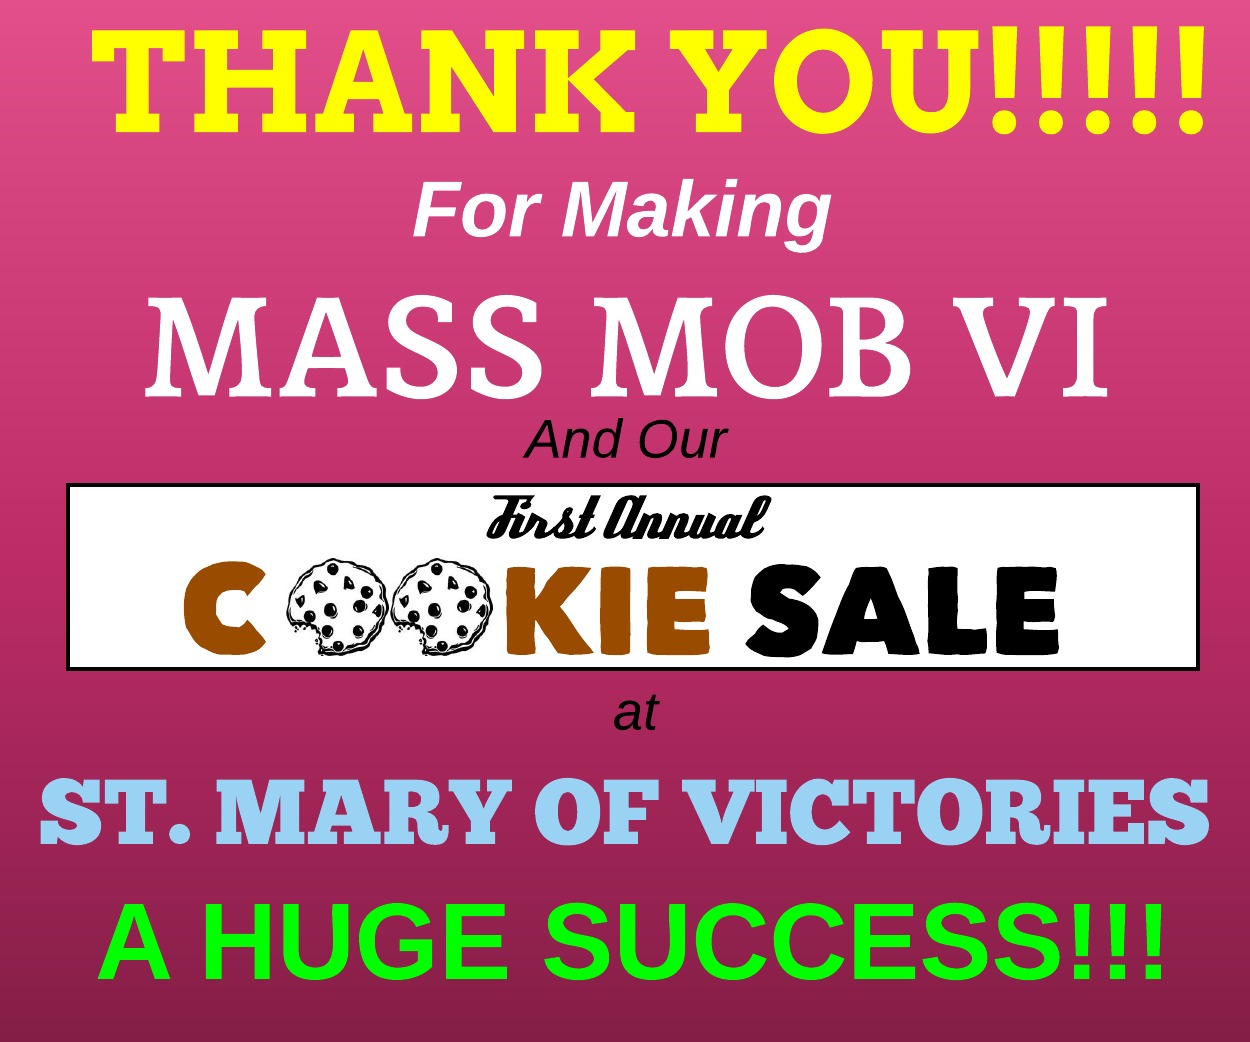 SMOV_-_Mass_Mob_Thank_You.jpeg - 188.81 kB
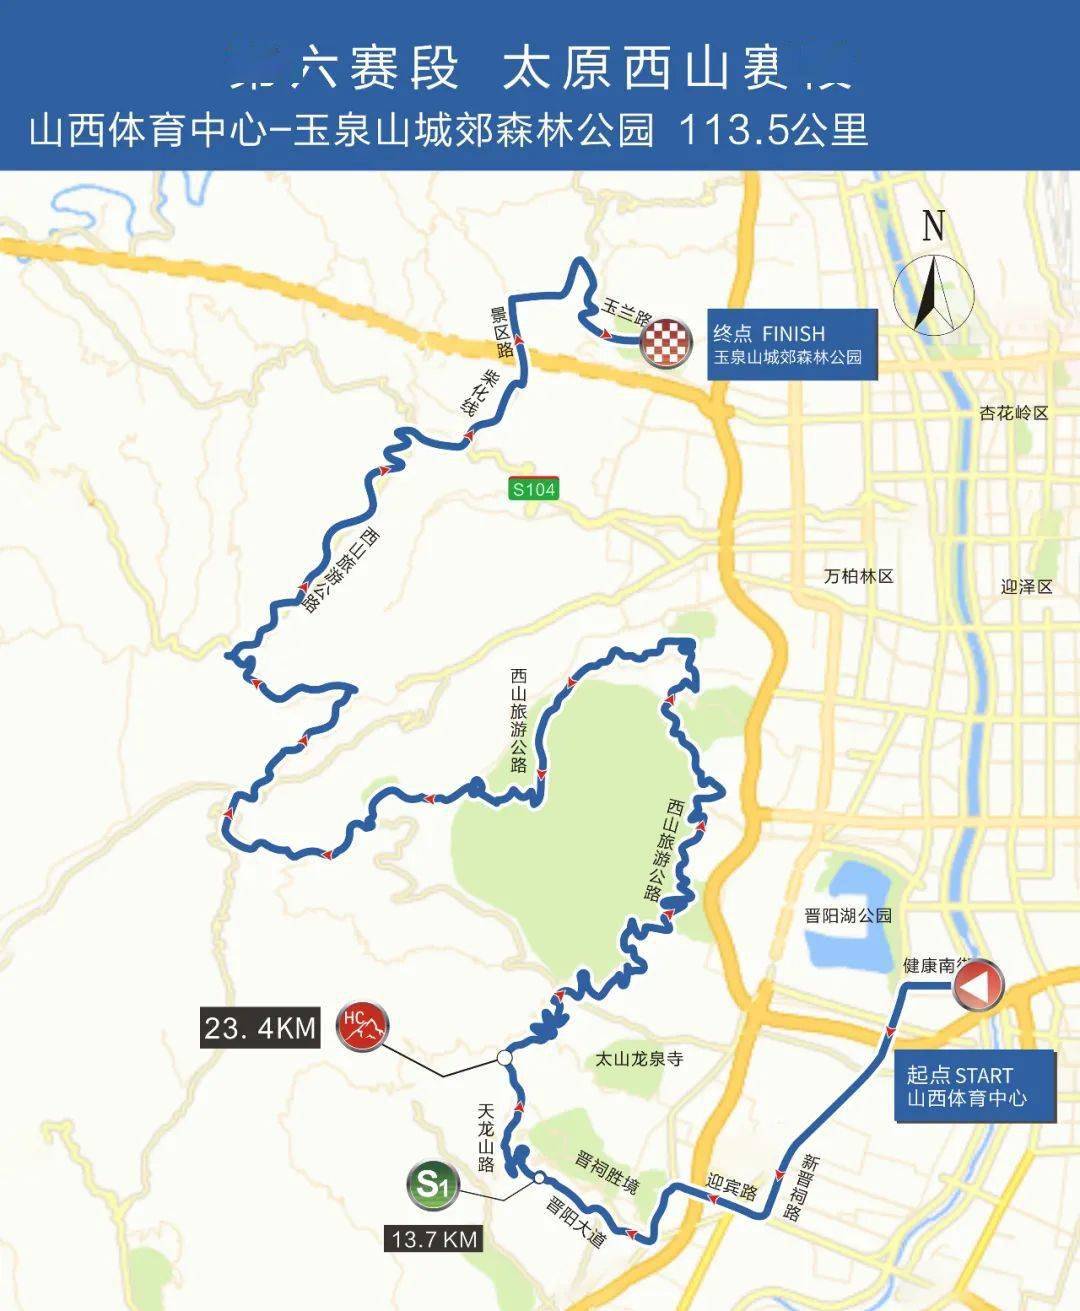 环太原国际公路自行车赛10月11日开赛
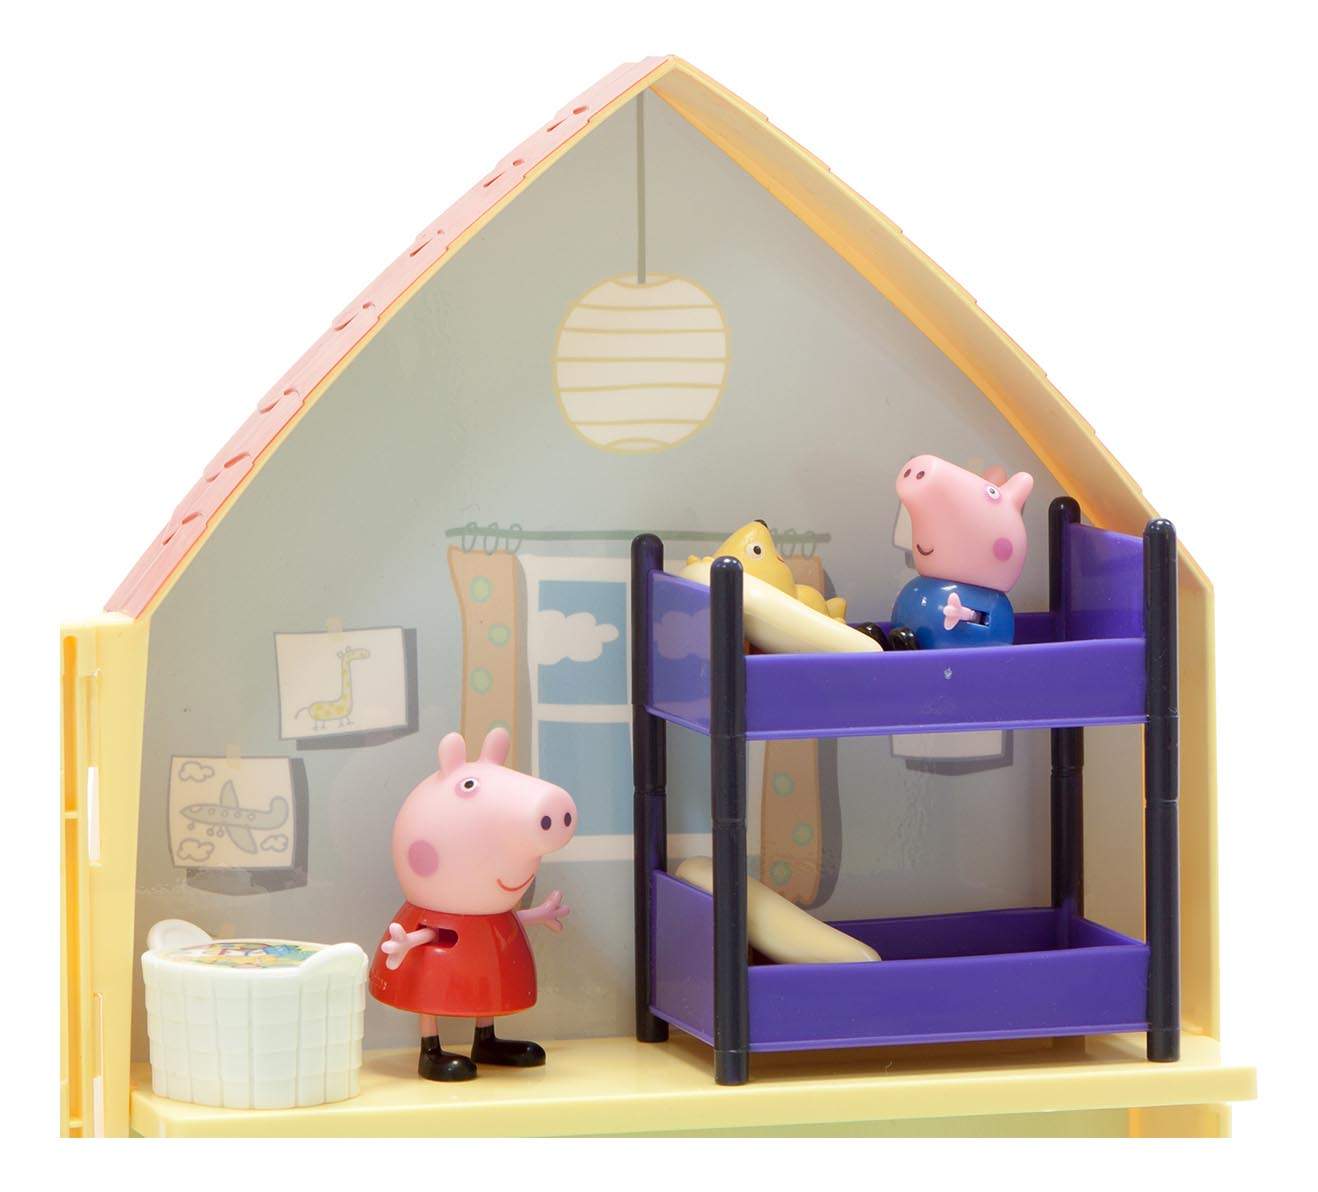 Фотки свинки пеппы с домом
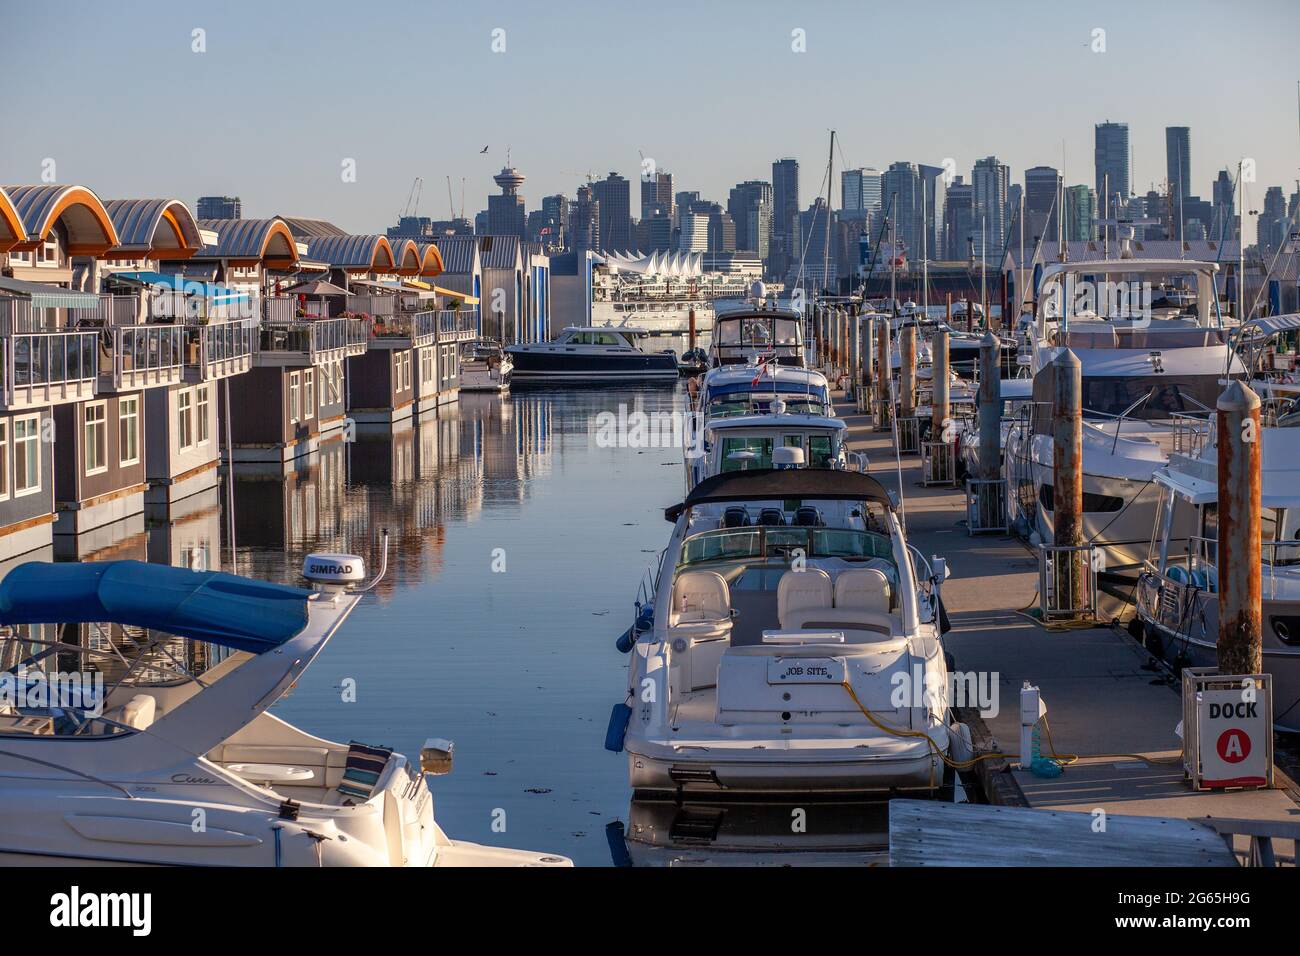 Des bateaux à moteur flottants colorés et mignons bordent les quais de la marina de Mosquito Creek, North Vancouver, Colombie-Britannique. Ce logement alternatif est en pleine croissance Banque D'Images

YOUR OBJECTIVE: Without including any picture, set down the listing above exactly as it appears.

EXERCISE RESULT:
 SMOV_-_Mass_Mob_Thank_You.jpeg - 188.81 kB
 环太原国际公路自行车赛10月11日开赛
 Фотки свинки пеппы с домом
 Des bateaux à moteur flottants colorés et mignons bordent les quais de la marina de Mosquito Creek, North Vancouver, Colombie-Britannique. Ce logement alternatif est en pleine croissance Banque D'Images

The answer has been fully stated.